# Regular cab



## bluefarmer (Oct 10, 2010)

This is my kinda truck just don't need one right now!

http://springfield.craigslist.org/cto/5953231608.html


----------



## JD3430 (Jan 1, 2012)

I have a similar truck


----------



## somedevildawg (Jun 20, 2011)

For the record.....I like JD's the best


----------



## IHCman (Aug 27, 2011)

Both my Dodges are regular cabs. I like them better for work.


----------



## Dan_GA (Dec 29, 2015)

Hard to find those Dmax's in a regular cab.


----------



## JD3430 (Jan 1, 2012)

Dan_GA said:


> Hard to find those Dmax's in a regular cab.


I tried!!
I looked for about 6 months for. '07 or newer 3500 max 4WD and I found ONE truck about 400 miles away. It sold by the time I could call the owner and ask a few questions. Had a plow, too.


----------



## PaMike (Dec 7, 2013)

I have an 06 Duramax regular cab long bed. Bought it in '14 with 61K on it. Original owner that was older and very fussy.
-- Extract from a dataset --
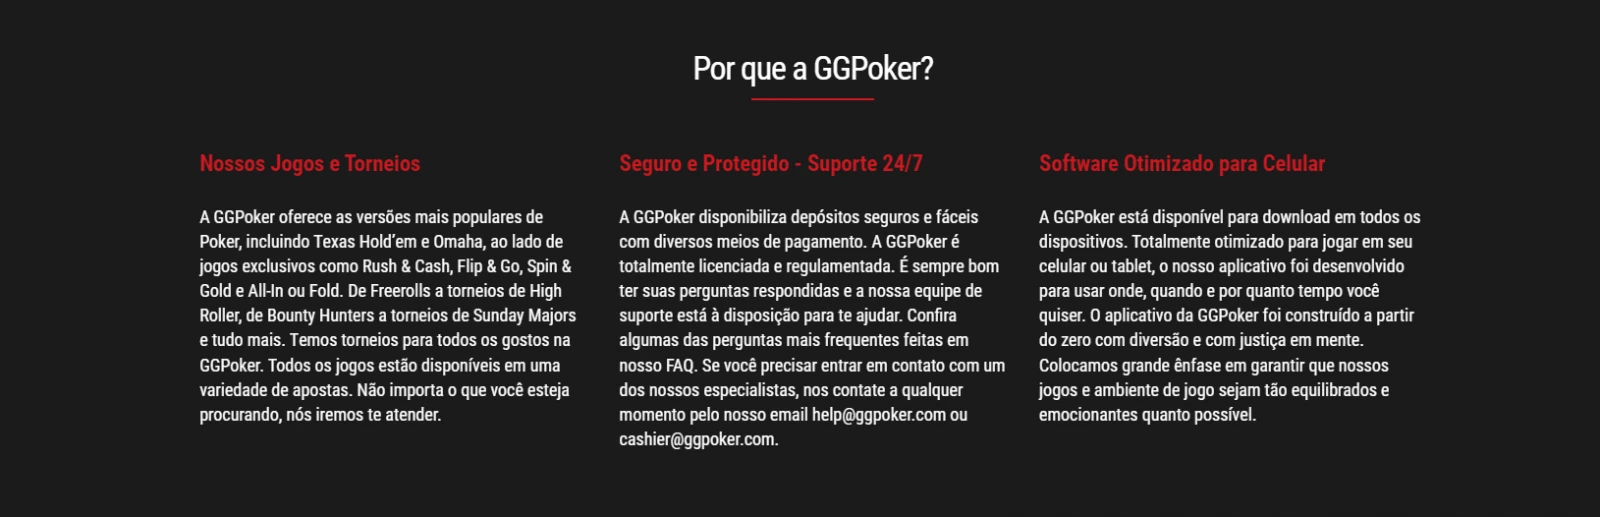 GG Poker Site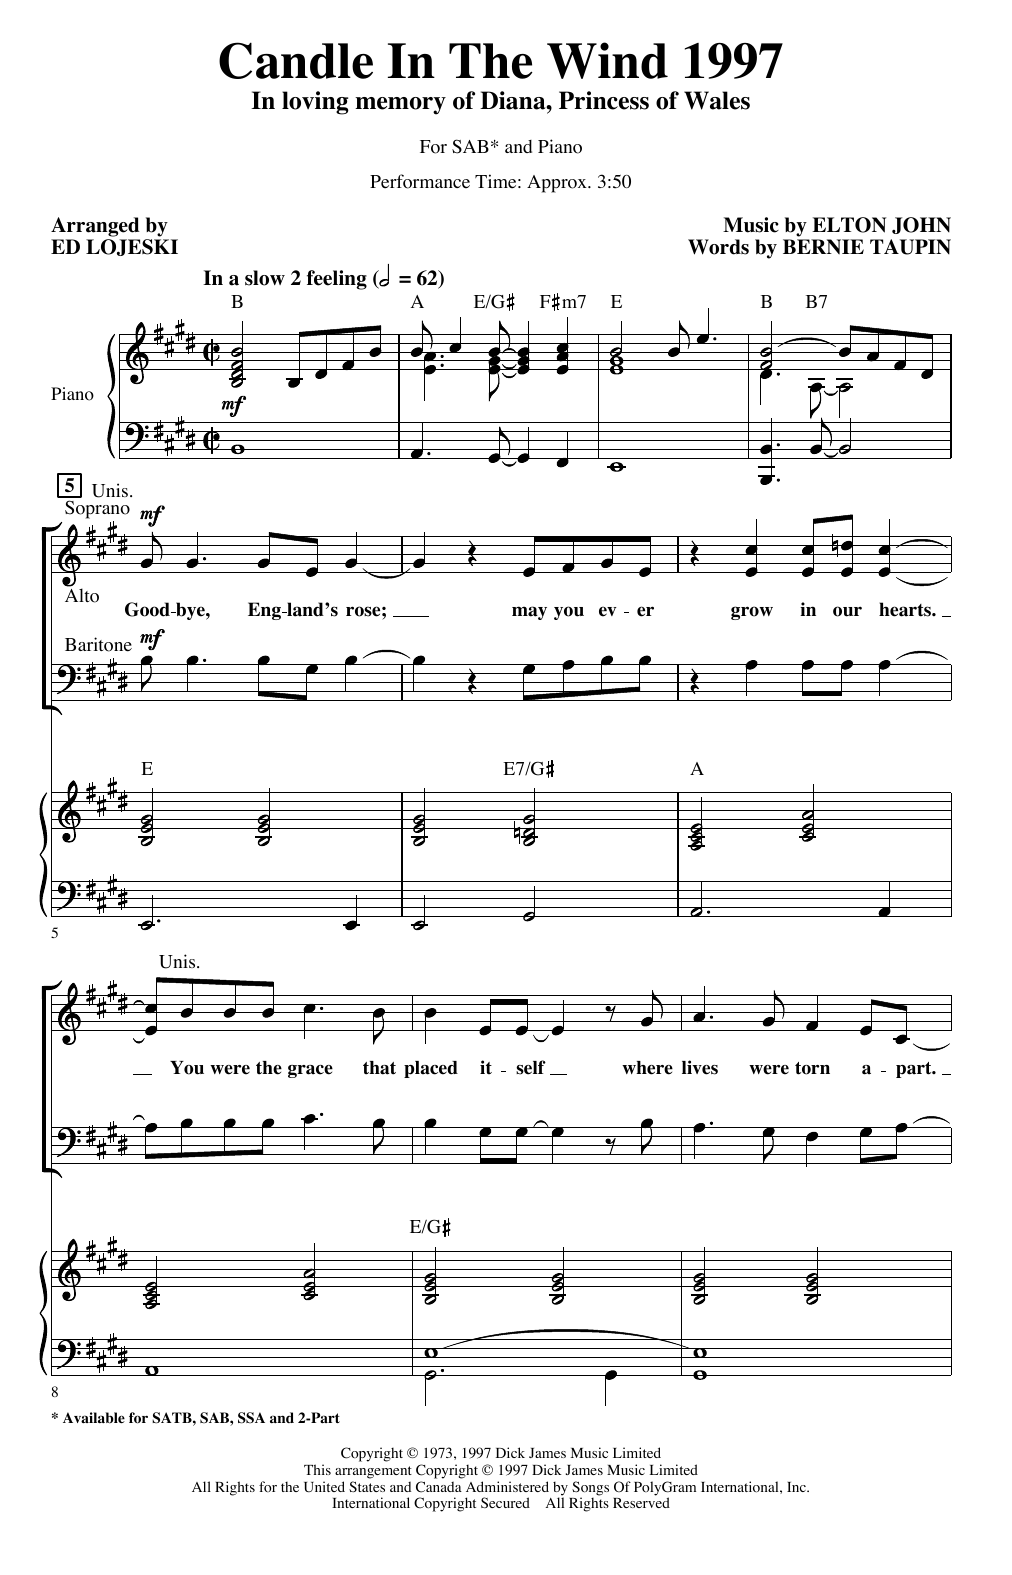 Elton John Candle In The Wind (arr. Ed Lojeski) Sheet Music Notes & Chords for 2-Part Choir - Download or Print PDF

I grabbed the truck QUICK!


----------



## JD3430 (Jan 1, 2012)

PaMike said:


> I have an 06 Duramax regular cab long bed. Bought it in '14 with 61K on it. Original owner that was older and very fussy. I grabbed the truck QUICK!


Great truck, but I wanted the '07 for the 6 speed and the power bump they received in '07.
I settled for another 6.4L. Truck is super heavy duty, but he emissions system ruins an otherwise really strong truck.


----------



## endrow (Dec 15, 2011)

We're looking for another pickup 2500 or 3500 for the farm. We hope to find something for $10 to 12 k.


----------



## r82230 (Mar 1, 2016)

endrow said:


> We're looking for another pickup 2500 or 3500 for the farm. We hope to find something for $10 to 12 k.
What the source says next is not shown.